Where the stress is showing up

  • The New York Fed reports that delinquencies are rising across products, with notable increases in mortgages and student loans entering early delinquency and more serious trouble in credit card balances.

  • Young borrowers and lower‑income households are being hit hardest, contributing to what analysts describe as a more “bifurcated” economy where higher‑income households remain relatively stable while more vulnerable groups fall behind on payments.

Why this is happening now

  • Household debt reached a record roughly 18.8 trillion dollars by Q4 2025, with mortgage balances and home‑equity lines of credit still climbing, which raises the fixed payment burden on many families.

  • Rising living costs, pockets of labor‑market softening (especially for younger workers), and high interest rates on revolving credit like credit cards have made it harder for many consumers to keep up, even though overall economic indicators remain reasonably solid.

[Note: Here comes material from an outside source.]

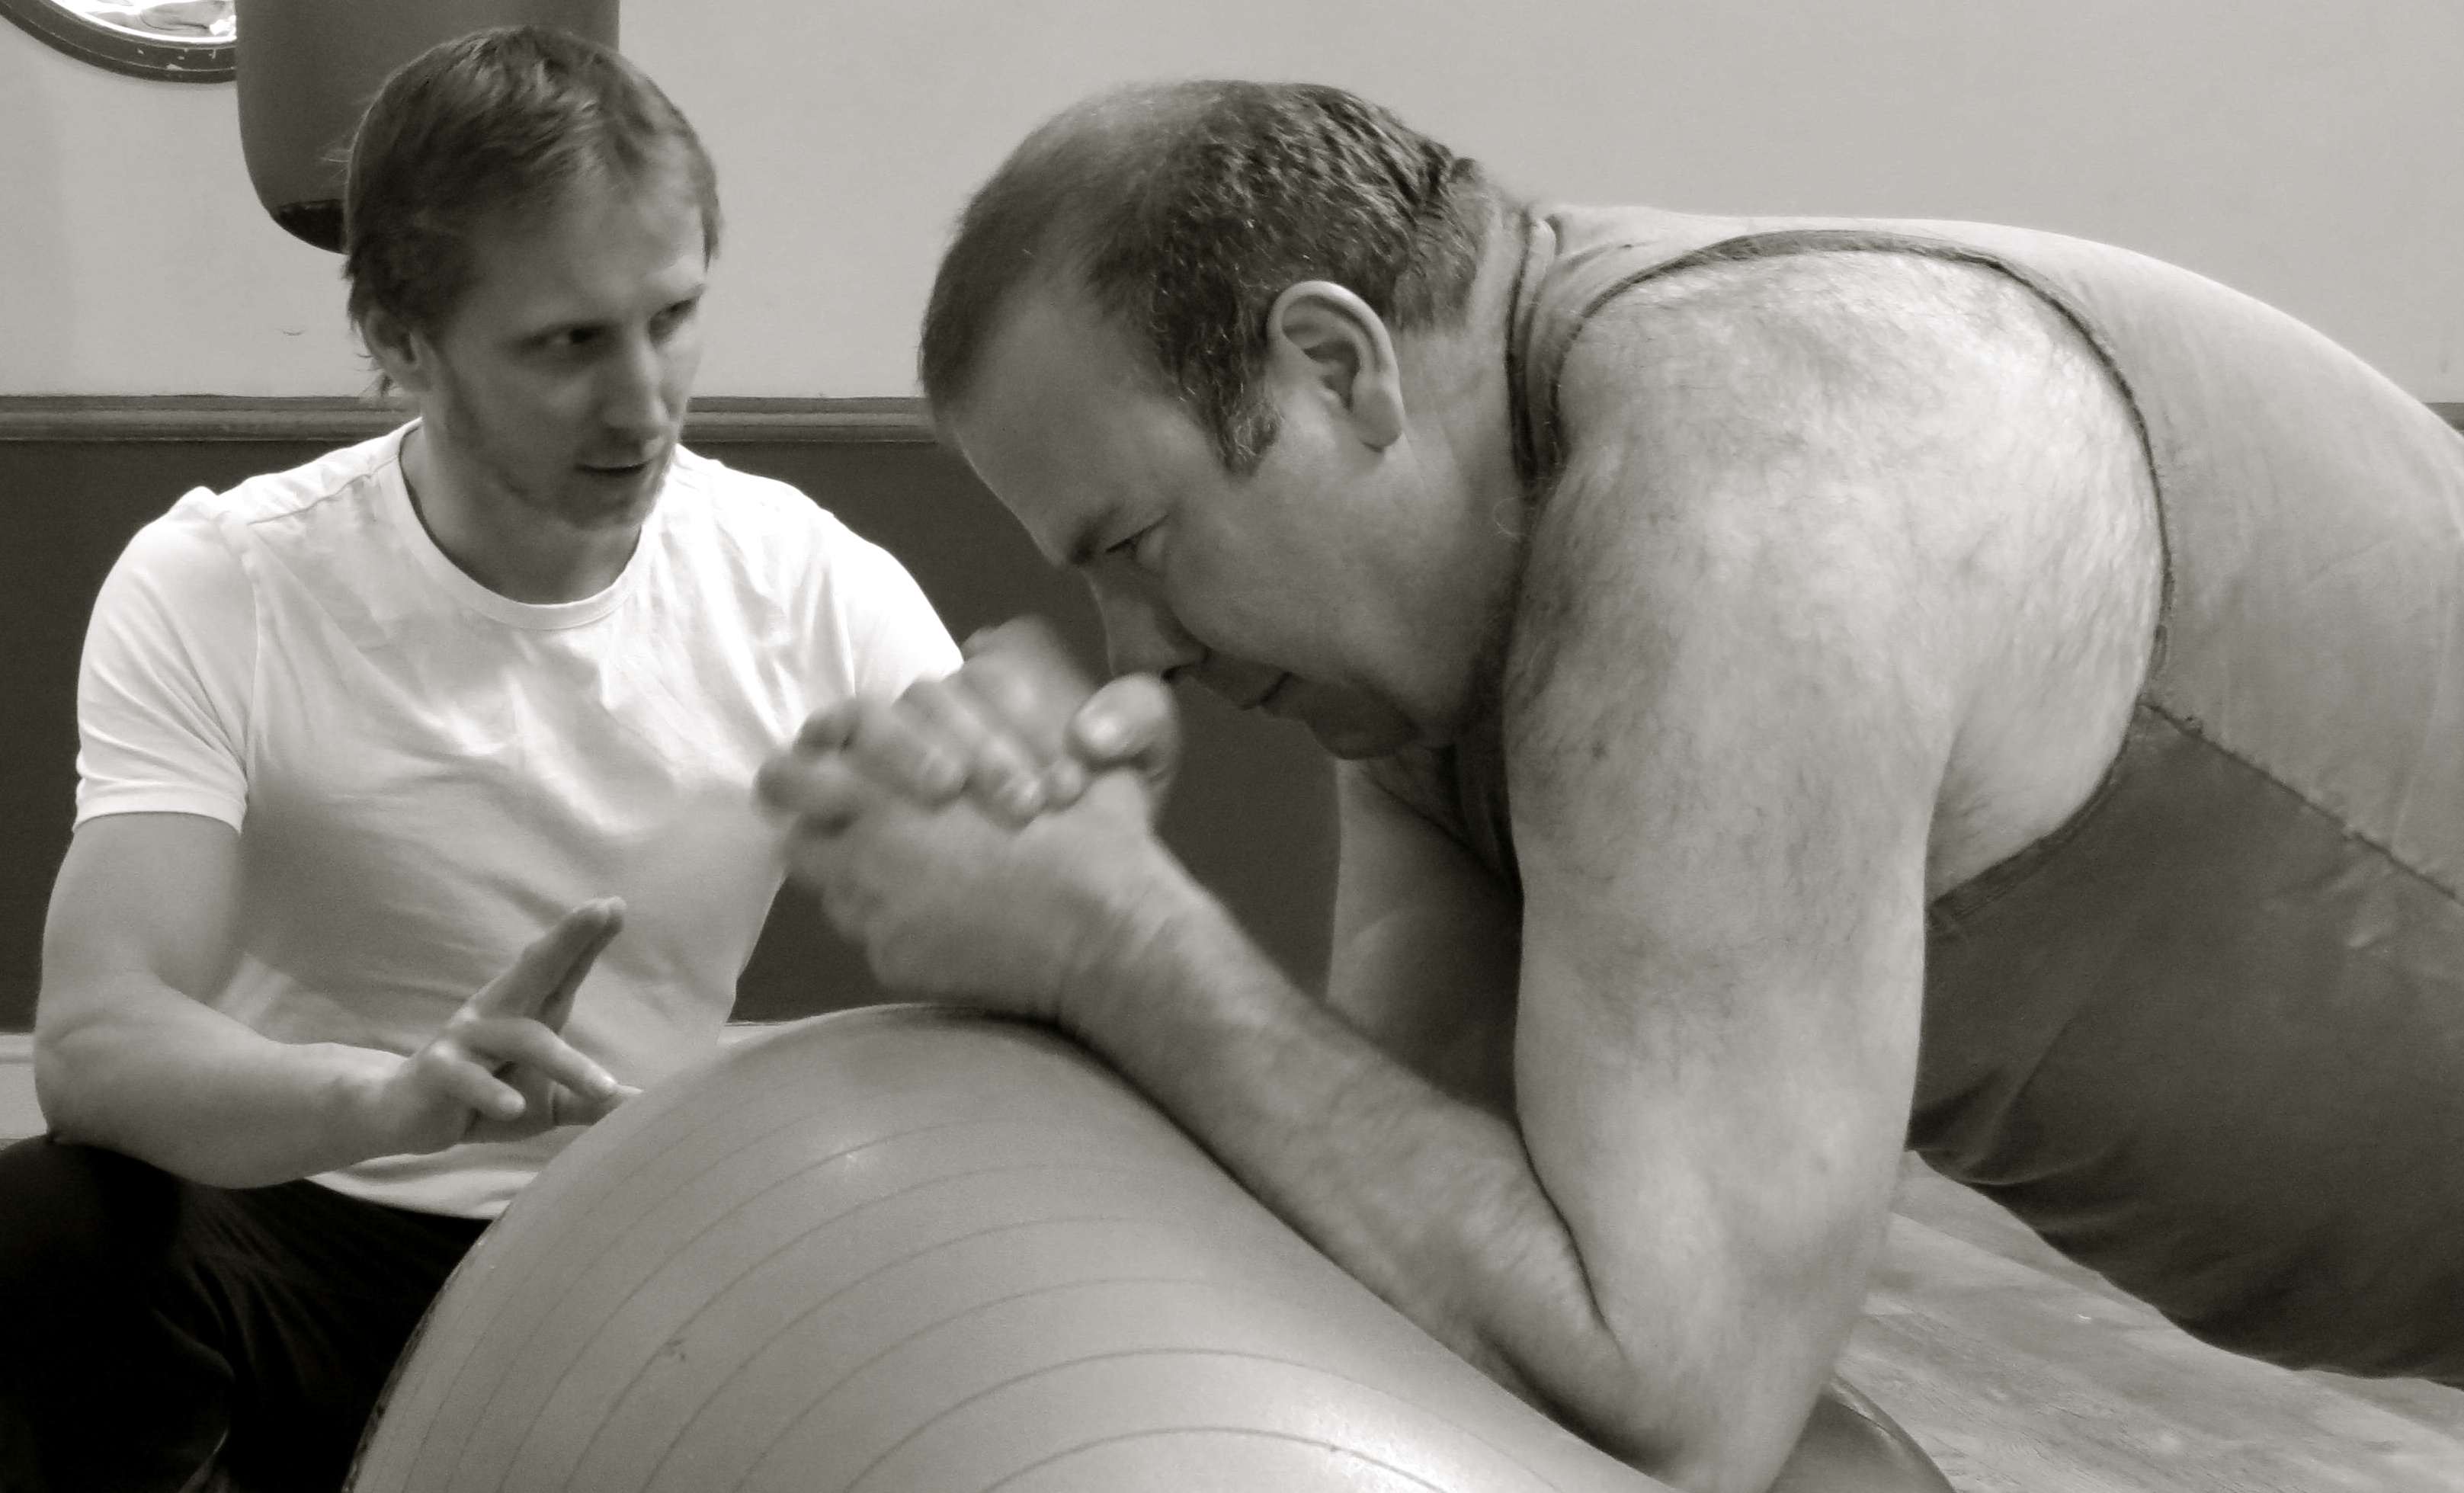 gym ball plank

Is this a 2008‑style problem?

  • Current delinquency levels are elevated compared with the last several years but are still far below the extreme levels seen during the Great Recession, and mortgage delinquencies in particular remain relatively low in national averages.

  • The main concern policymakers are flagging is not broad systemic risk yet, but growing localized and demographic stress that could worsen if job markets weaken further or interest rates stay high for a long time.